Temporomandibular joint disorders (TMDs), on the other hand, encompass a spectrum of neuromuscular and musculoskeletal conditions affecting the temporomandibular joint (TMJ), masticatory muscles, and associated structures, often presenting with symptoms like jaw pain, restricted movement, and joint sounds [3]. Both conditions are significant in dental practice, particularly in patients requiring prosthodontic restoration, in whom occlusal stability and functional rehabilitation are critical [4].
Emerging research suggests a complex interplay between periodontitis and TMD, particularly in patients requiring prosthodontic interventions [5,6]. Periodontitis can lead to unilateral mastication due to discomfort or tooth loss, which may induce biomechanical stress on the TMJ, potentially causing pain and structural changes [5]. For instance, Jeon et al. [5] found that unilateral chewing, resulting from periodontitis, was associated with increased pain and altered TMJ morphology, emphasizing the need for timely periodontal intervention to mitigate secondary TMJ issues.
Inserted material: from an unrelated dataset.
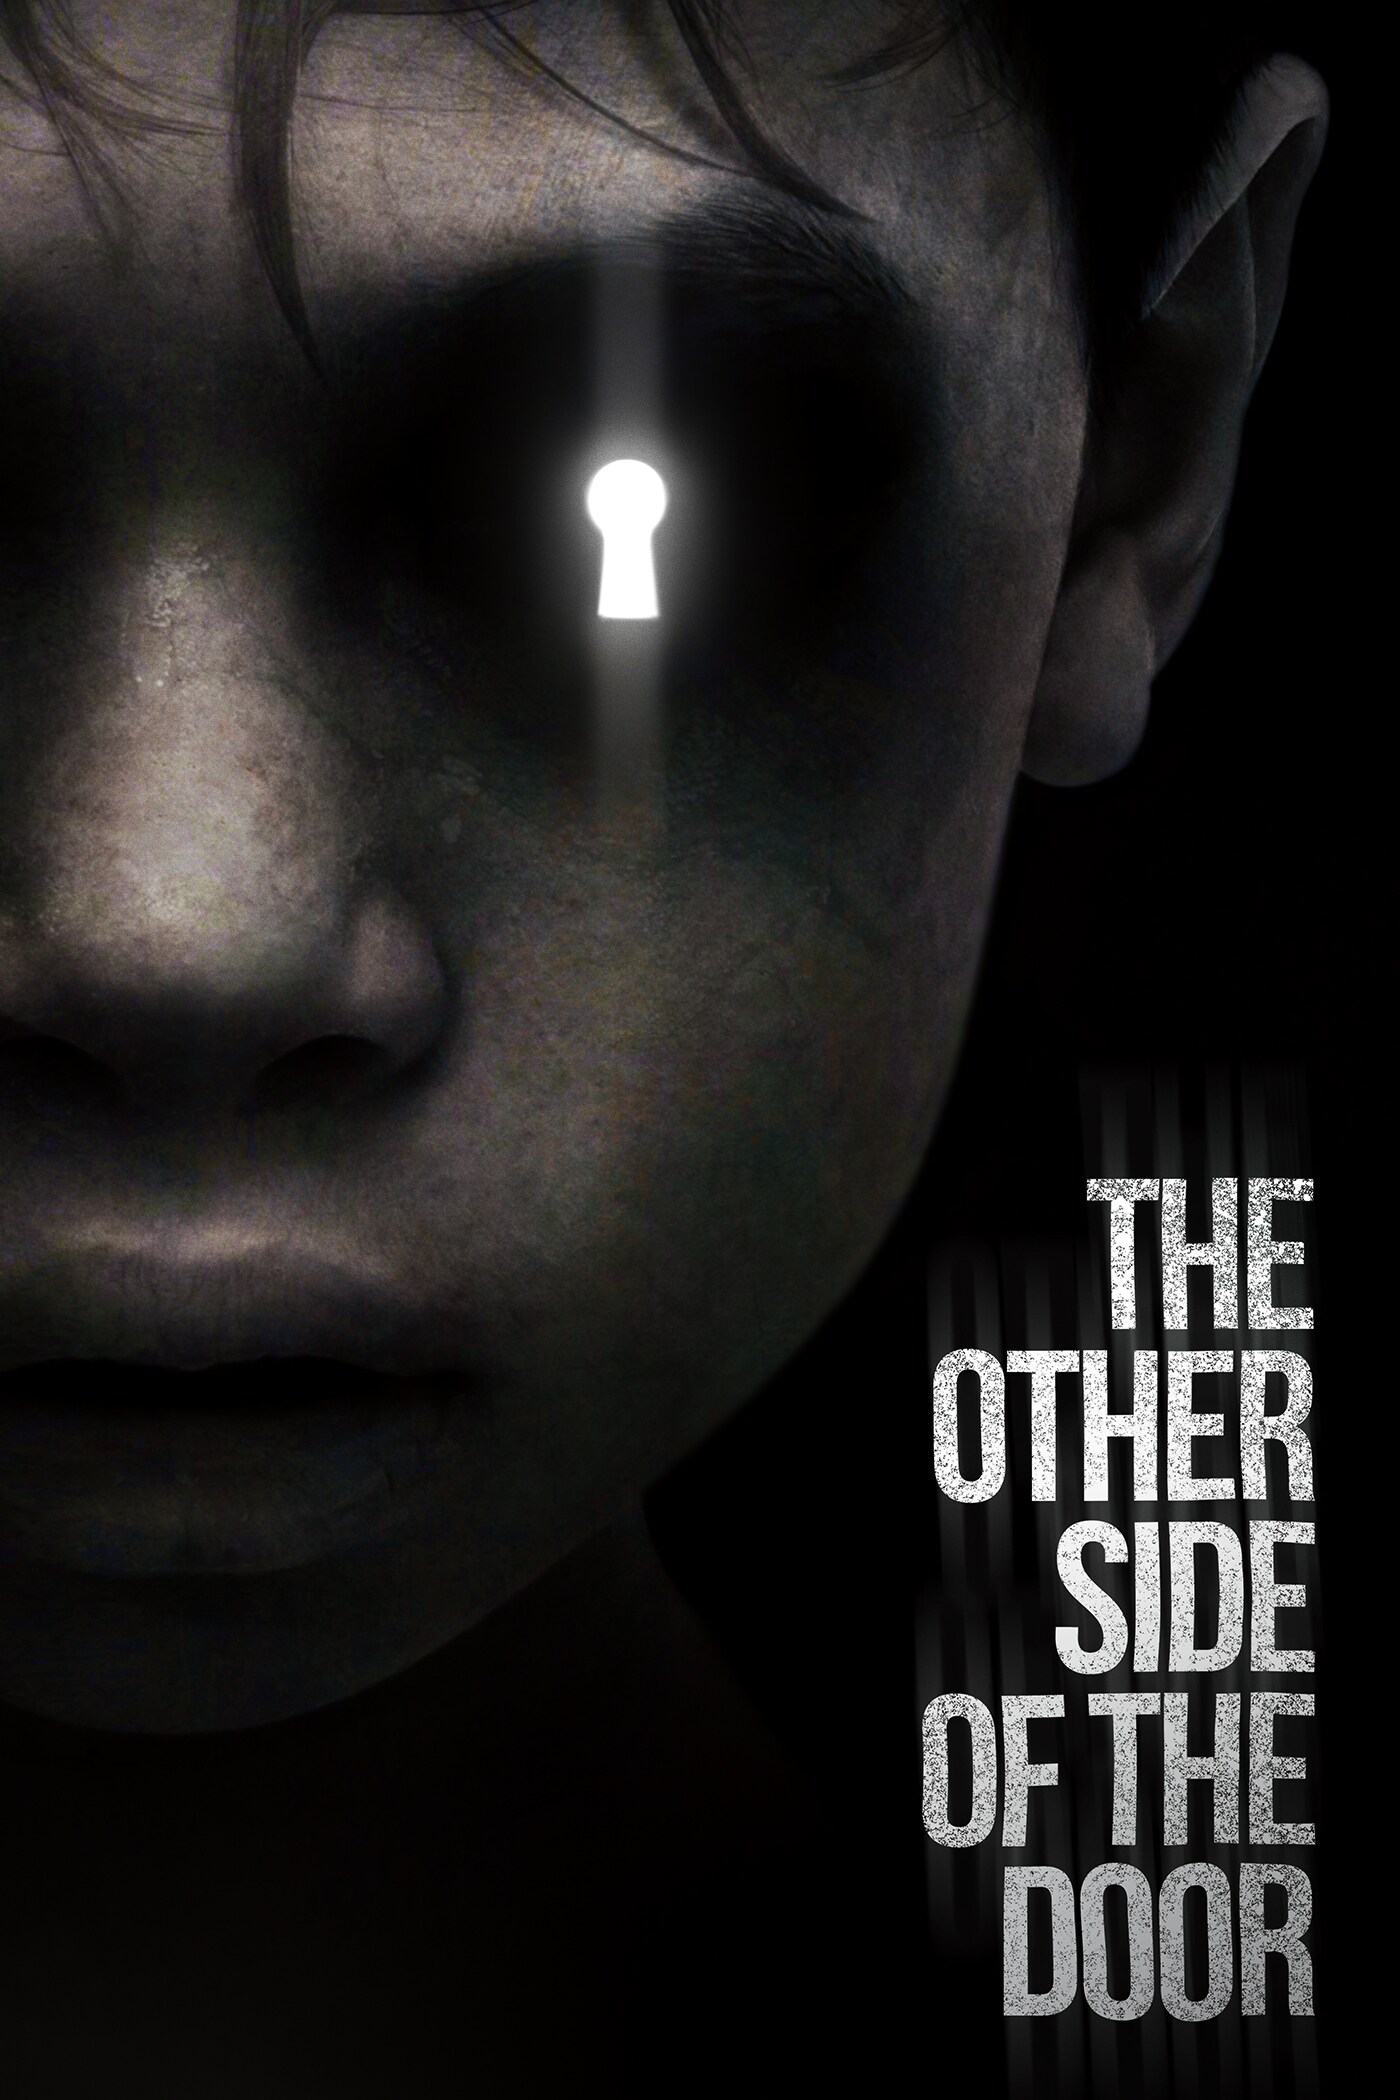 The Other Side of the Door movie poster

Based on a retrospective analysis involving 4,204 randomly chosen subjects, noteworthy correlations were established between missing teeth and challenges in mastication [7], which adversely affected the TMJ. An increase in mechanical stress or microtrauma may precipitate TMDs in edentulous areas. Moreover, these conditions are associated with complex biological mechanisms, including stimulation of inflammatory responses and immune system activation, in addition to degradation of constituents within the extracellular matrix [8]. The bidirectional relationship between periodontitis and TMD is complicated in prosthodontic patients, where occlusal discrepancies or restorations may exacerbate TMD symptoms, or may be influenced by periodontal health [5].
Prosthodontic treatment aims to restore occlusal stability and function, often involving crowns, bridges, or implants, but must account for underlying periodontal and TMJ conditions to ensure long-term success [9]. Patients with severe periodontitis may exhibit compromised periodontal support, which can affect prosthetic planning and outcome. Similarly, TMD symptoms, such as muscle pain or joint dysfunction, may necessitate a multidisciplinary approach involving periodontists, prosthodontists, and sometimes neurologists or orthodontists, to address myofascial pain or occlusal issues [5].
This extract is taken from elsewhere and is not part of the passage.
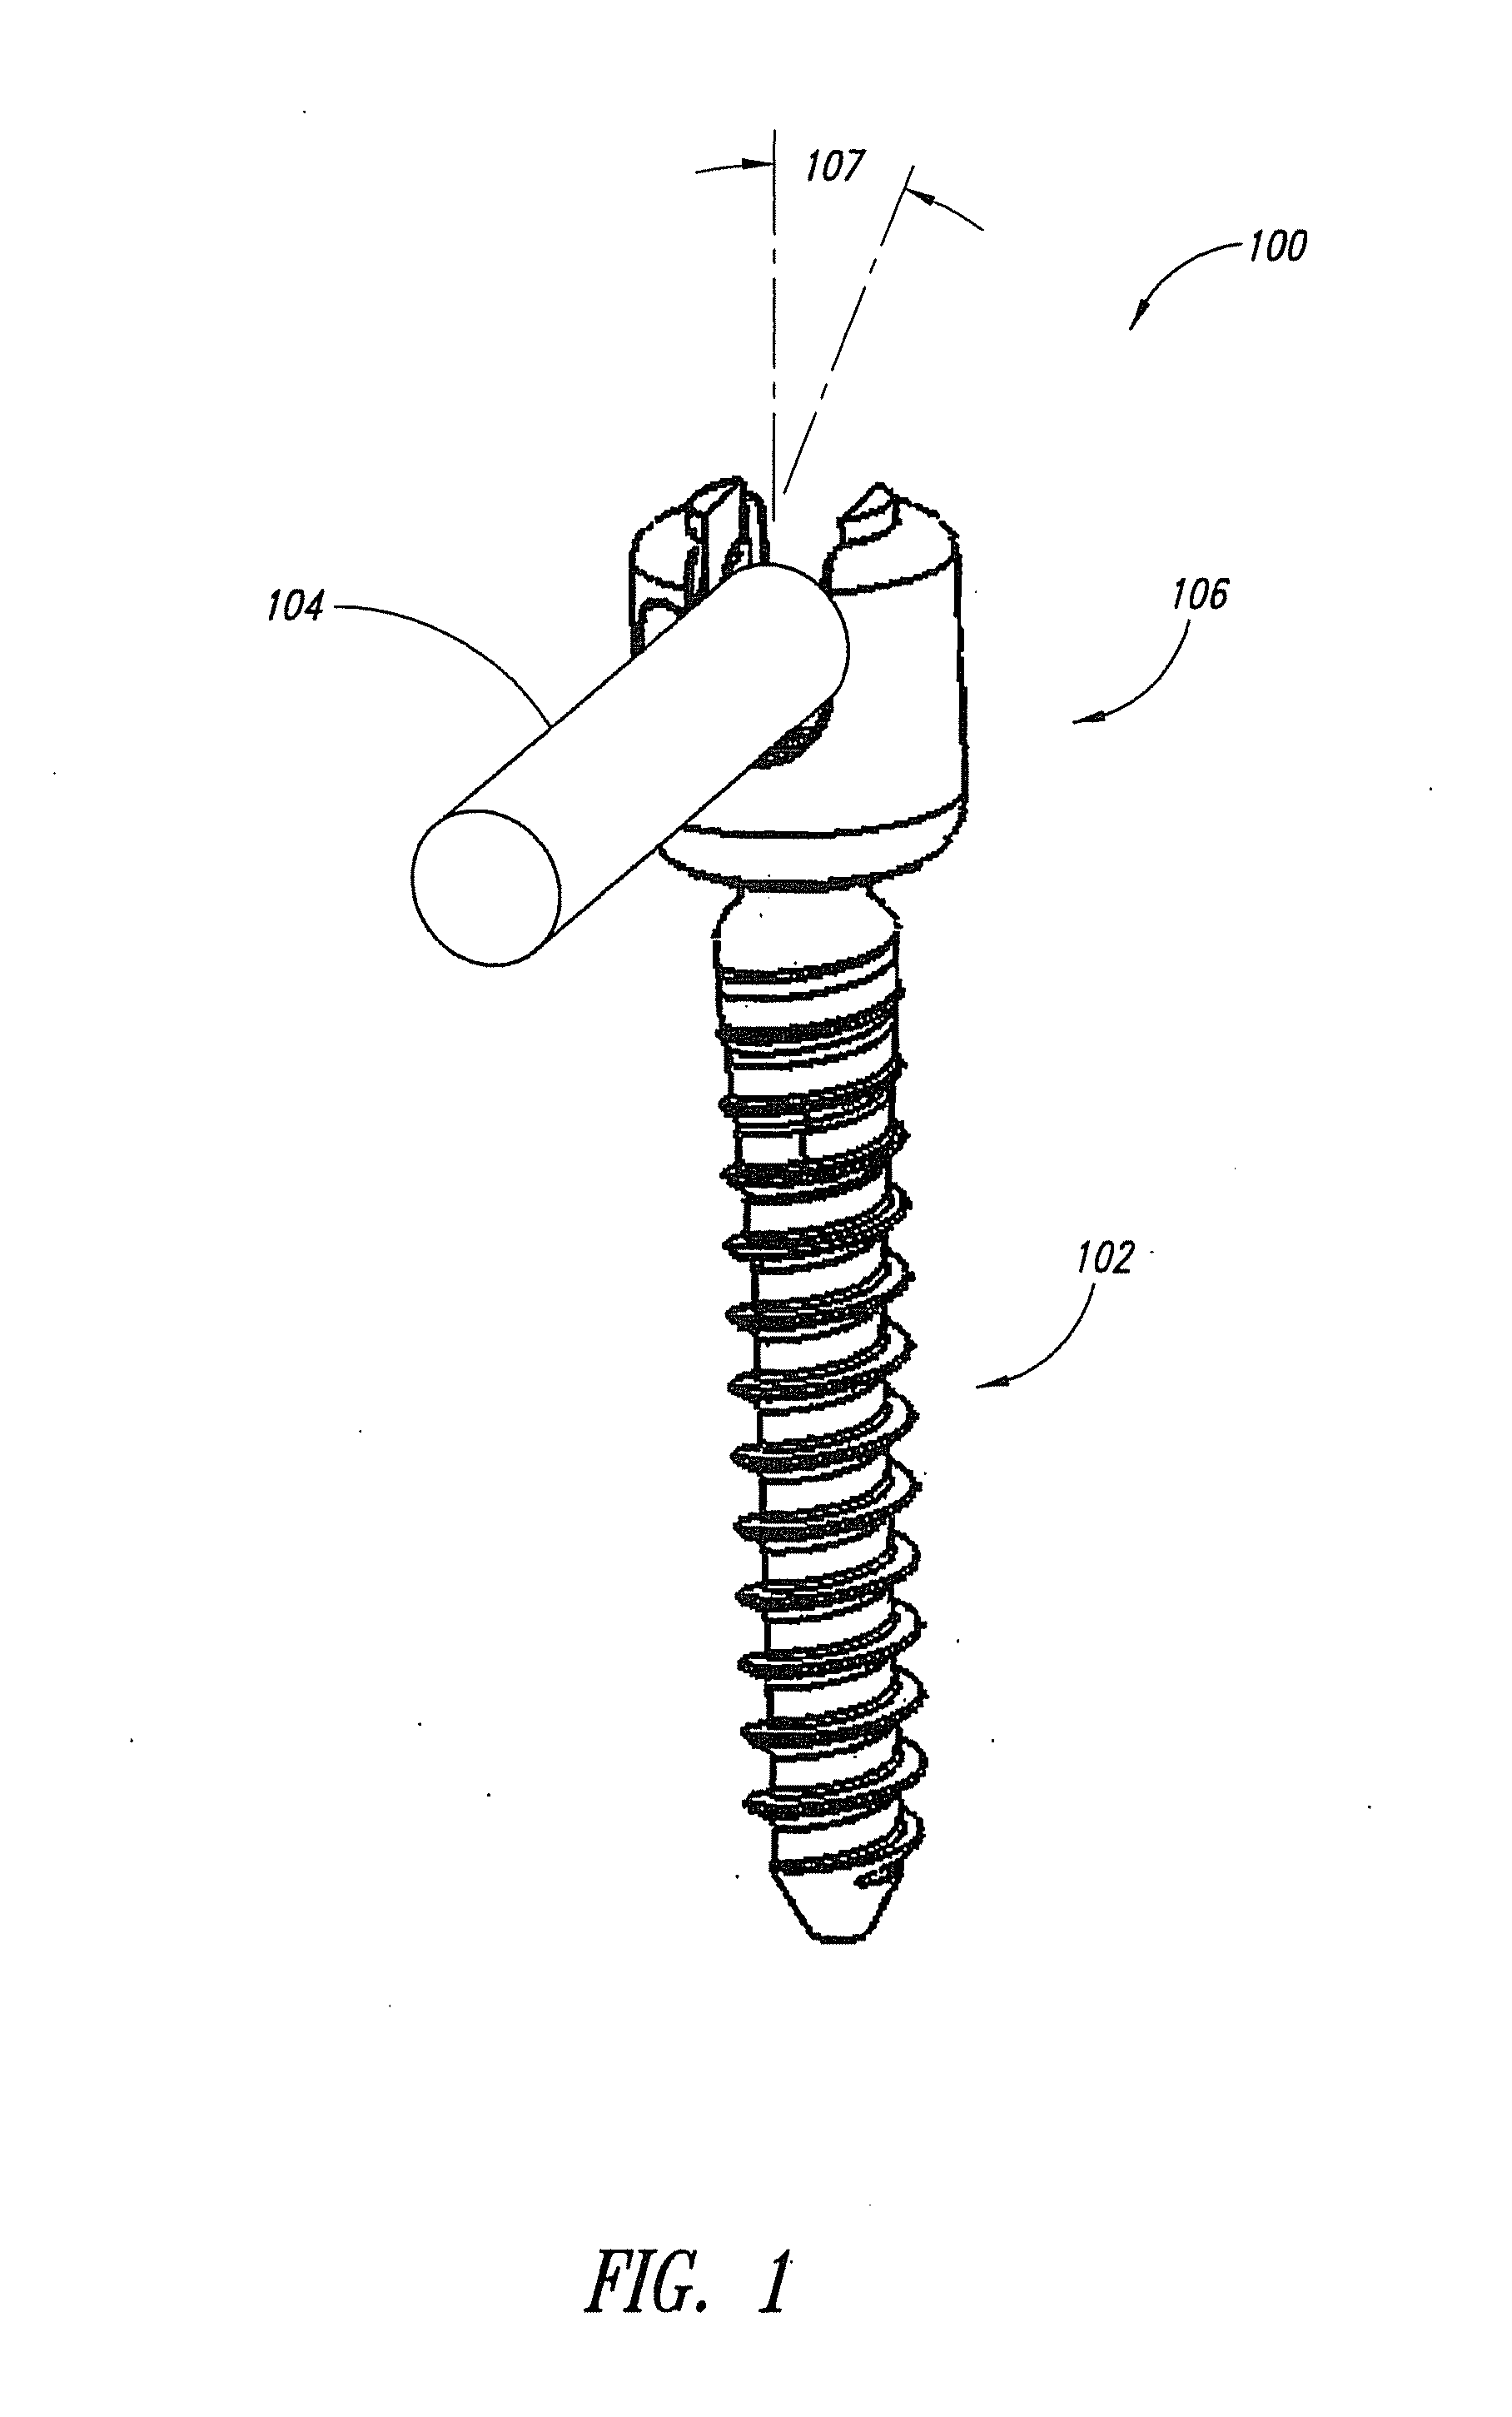 Pedicle Screw Systems and Methods of Assembling/Installing the Same

A study by Guo et al. [10] used cone-beam computed tomography (CBCT) analysis to assess the relationship between periodontitis and TMJ, and found that severe periodontitis can alter TMJ space and condylar morphology, suggesting a mechanical link between the two conditions. However, a bidirectional Mendelian randomization study found no direct causal relationship, indicating that while periodontitis may aggravate TMD progression, the association is likely influenced by confounding factors, such as occlusal trauma or systemic inflammation [6].
Understanding the association between the severity of periodontitis and clinical TMJ symptoms is crucial for optimizing prosthodontic treatment outcomes. Therefore, this study aimed to explore the correlation between the severity of periodontitis and TMJ in patients requiring prosthodontic restoration, focusing on the clinical presentations and their implications for treatment planning. By integrating insights from periodontal, prosthodontic, and orofacial pain research, this study sought to provide evidence-based guidance for clinicians managing these interconnected conditions, ultimately improving patient comfort and functional restoration.
Materials and methods
Study design and setting
This study employed a cross-sectional observational design to investigate the association between the severity of periodontitis and clinical TMJ symptoms in patients requiring prosthodontic restorations. It was conducted at Kothiwal Dental College and Research Centre, Moradabad, India, from March 2024 to March 2025. The study adhered to ethical guidelines, with approval obtained from the Institutional Ethical Review Board (KDCRC/IERB/01/2024/S04). Informed consent was obtained from all patients prior to enrolment. The study complied with the Declaration of Helsinki and ensured participant safety and confidentiality. The data were anonymized, stored securely, and accessible only to authorized researchers. Patients were informed of their right to withdraw at any time without affecting their clinical care.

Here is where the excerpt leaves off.